After university, Tilbrook joined GCHQ as a codebreaker before being seconded to the Cabinet Office to write intelligence-based assessments for the Joint Intelligence Committee. He later moved to the Department for International Development.

In 2020 he took up positions running the British honours system as the Prime Minister's Appointments Secretary advising the prime minister on the appointment of bishops, deans and lord-lieutenants, and serving as Clerk of the Privy Council. He sparked upset by attempting to curb the size of the growing Privy Council and determining that only a limited number would be able to attend the Accession Council.

In his role as Clerk of the Privy Council, he played a key role at the Accession Council where Charles III was proclaimed King. The following text, which was published as a supplement to The London Gazette of 12 September, was read by Tilbrook as the clerk of the Accession Council:

Whereas it has pleased Almighty God to call to His Mercy our late Sovereign Lady Queen Elizabeth the Second of Blessed and Glorious memory, by whose Decease the Crown of the United Kingdom of Great Britain and Northern Ireland is solely and rightfully come to The Prince Charles Philip Arthur George:

We, therefore, the Lords Spiritual and Temporal of this Realm and Members of the House of Commons, together with other members of Her late Majesty's Privy Council and representatives of the Realms and Territories, Aldermen, and Citizens of London, and others, do now hereby with one voice and Consent of Tongue and Heart publish and proclaim that The Prince Charles Philip Arthur George is now, by the Death of our late Sovereign of Happy Memory, become our only lawful and rightful Liege Lord Charles the Third, by the Grace of God of the United Kingdom of Great Britain and Northern Ireland and of his other Realms and Territories, King, Head of the Commonwealth, Defender of the Faith, to whom we do acknowledge all Faith and Obedience with humble Affection; beseeching God by whom Kings and Queens do reign to bless His Majesty with long and happy Years to reign over us.

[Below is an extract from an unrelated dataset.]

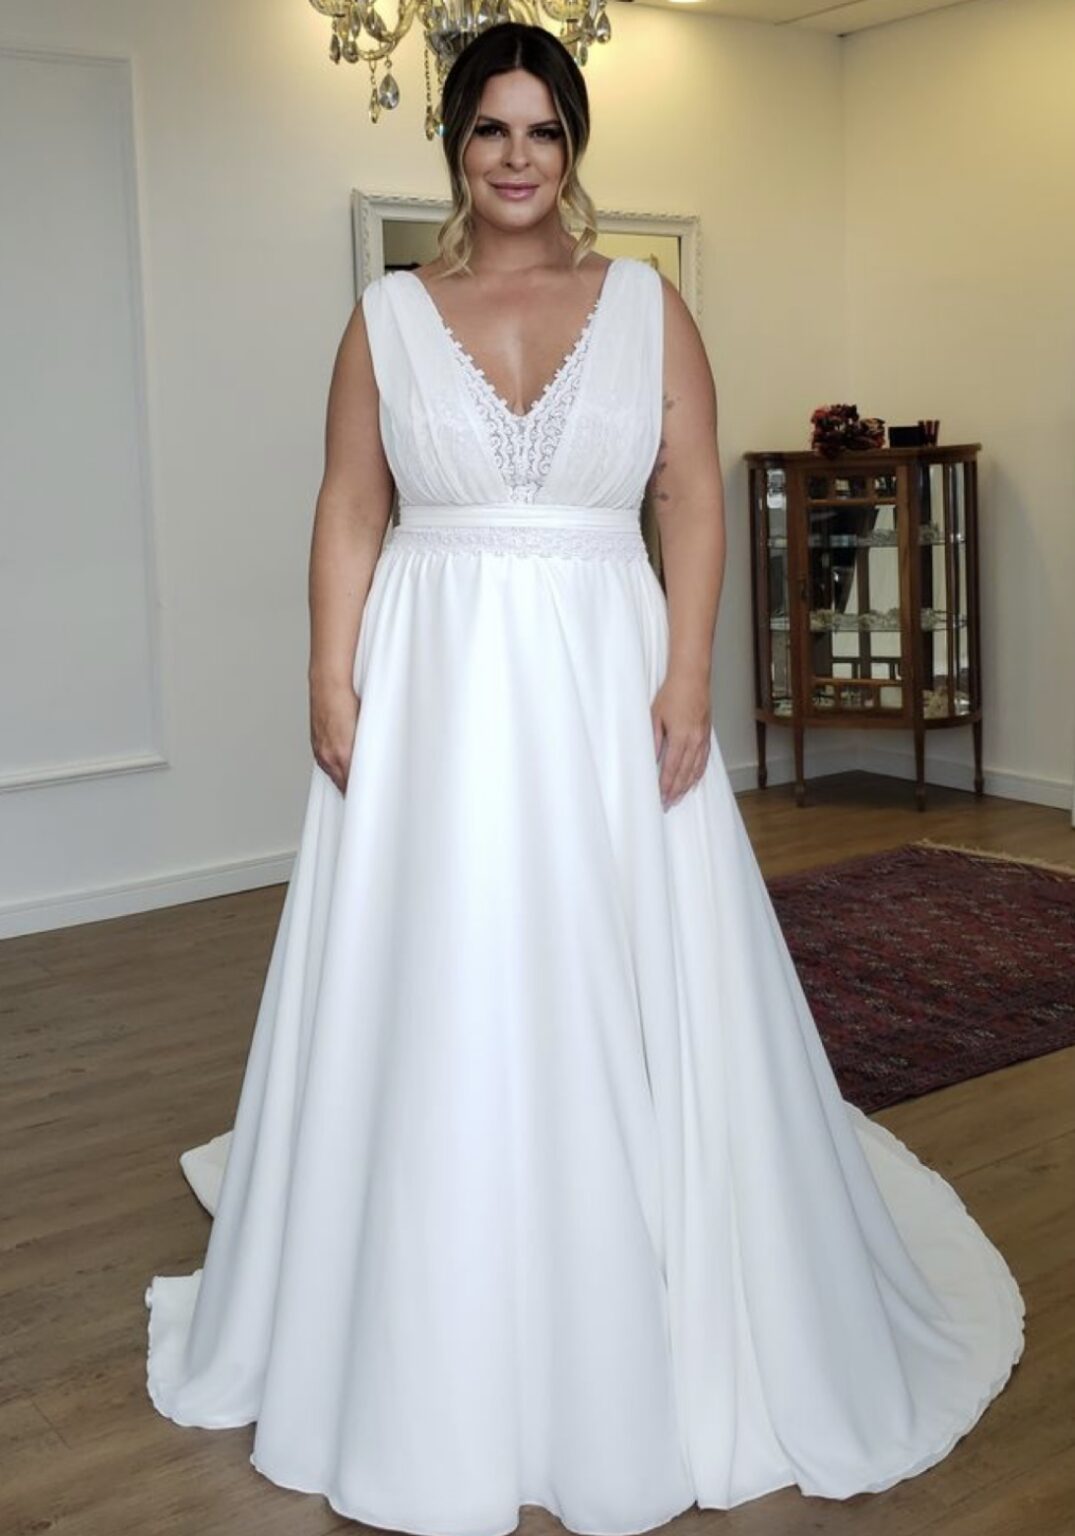 Wedding Dresses For Plus Size Brides 1075x1536

Given at St James's Palace this tenth day of September in the year of Our Lord two thousand and twenty-two.

GOD SAVE THE KING

==Personal life==
Tilbrook is a communicant Anglican, worshipping at St Andrew's Church, Naunton, in the Diocese of Gloucester.

Tilbrook was made a Commander of the Royal Victorian Order in the 2022 New Year Honours.

Tilbrook's school, the Royal Grammar School, Guildford, awarded him their King’s Tie "for his outstanding public service and support for the RGS".